Task requirements. Transcribe the listing exactly, leaving out every picture.

Data block.
------------
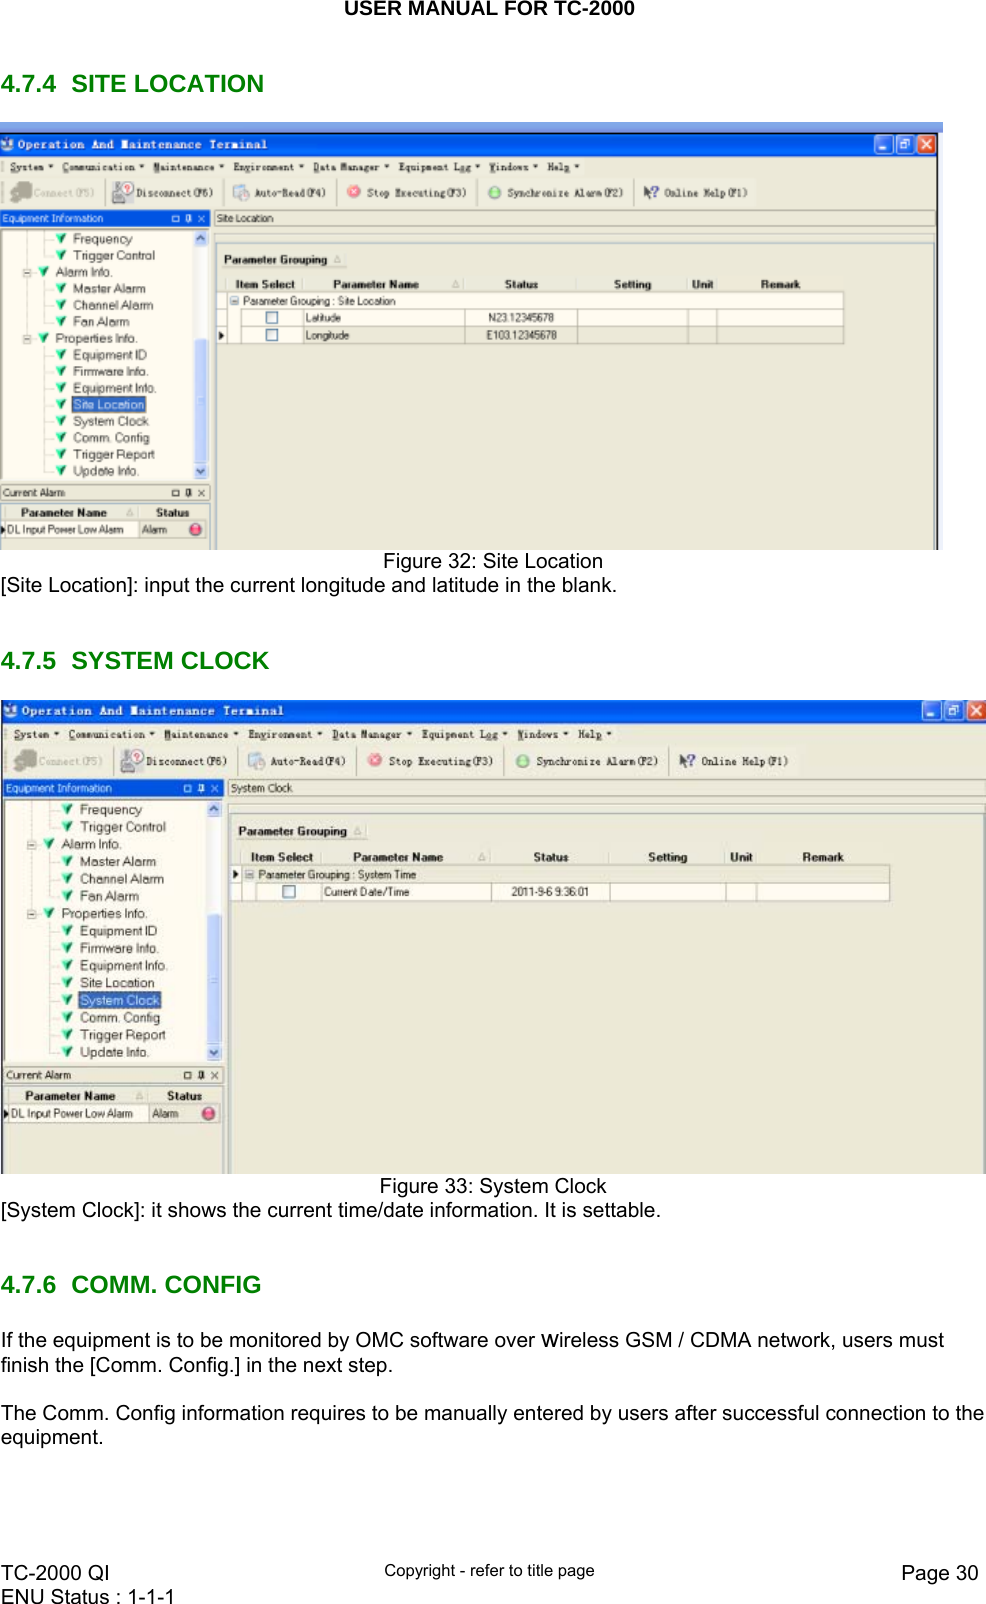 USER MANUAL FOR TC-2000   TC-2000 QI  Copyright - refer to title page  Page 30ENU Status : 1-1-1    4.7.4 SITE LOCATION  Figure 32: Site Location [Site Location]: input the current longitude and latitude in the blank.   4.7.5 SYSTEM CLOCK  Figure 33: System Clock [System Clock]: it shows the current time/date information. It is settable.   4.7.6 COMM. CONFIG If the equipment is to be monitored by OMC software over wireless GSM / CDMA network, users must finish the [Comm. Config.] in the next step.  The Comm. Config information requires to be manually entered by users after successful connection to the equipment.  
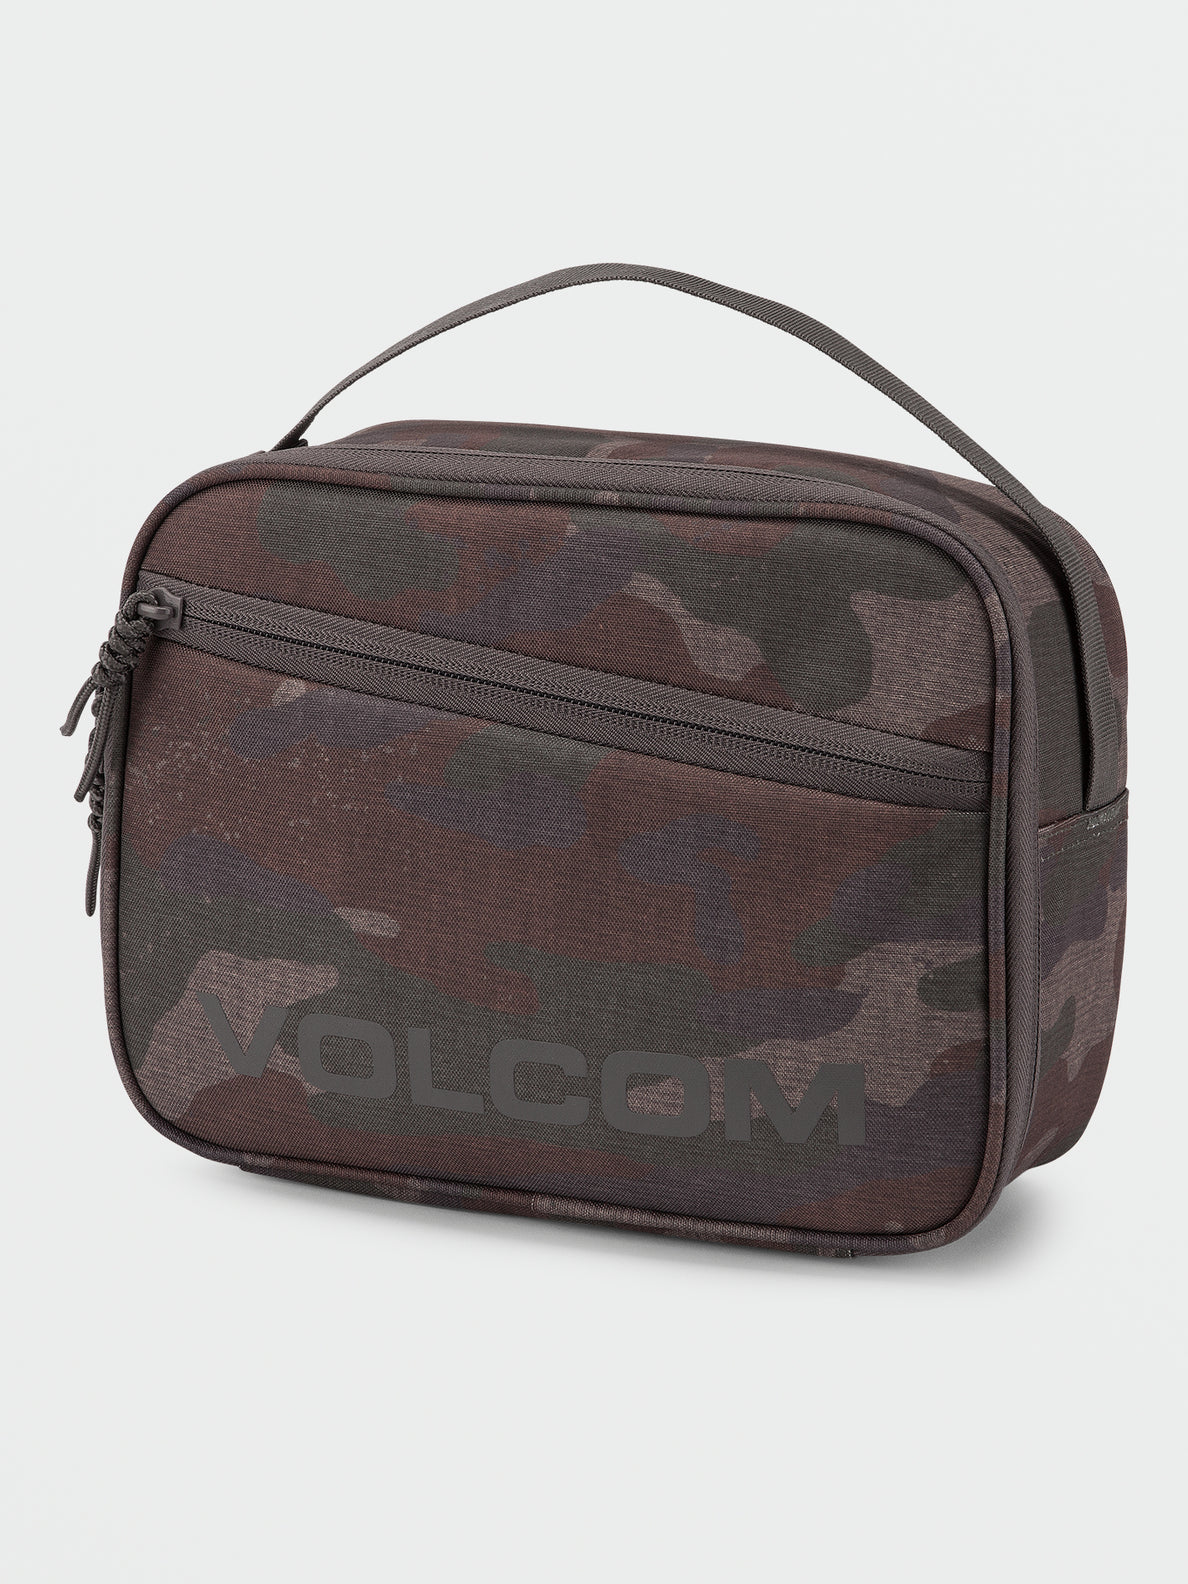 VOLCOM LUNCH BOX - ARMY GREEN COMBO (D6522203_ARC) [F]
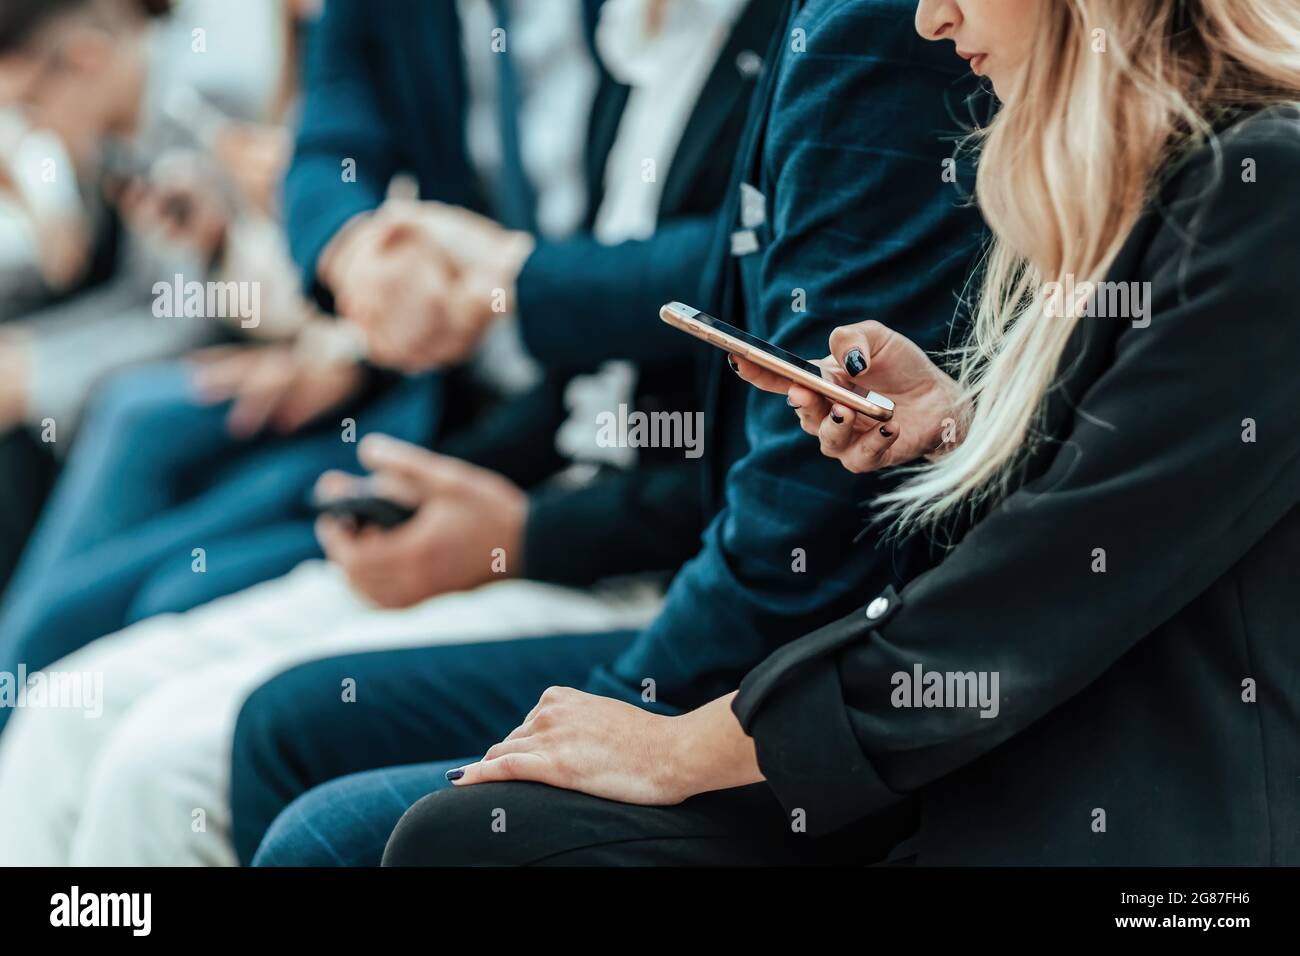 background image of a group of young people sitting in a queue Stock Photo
------------
Problem solution.
 USER MANUAL FOR TC-2000   TC-2000 QI  Copyright - refer to title page  Page 30ENU Status : 1-1-1    4.7.4 SITE LOCATION  Figure 32: Site Location [Site Location]: input the current longitude and latitude in the blank.   4.7.5 SYSTEM CLOCK  Figure 33: System Clock [System Clock]: it shows the current time/date information. It is settable.   4.7.6 COMM. CONFIG If the equipment is to be monitored by OMC software over wireless GSM / CDMA network, users must finish the [Comm. Config.] in the next step.  The Comm. Config information requires to be manually entered by users after successful connection to the equipment.  
 VOLCOM LUNCH BOX - ARMY GREEN COMBO (D6522203_ARC) [F]
 background image of a group of young people sitting in a queue Stock Photo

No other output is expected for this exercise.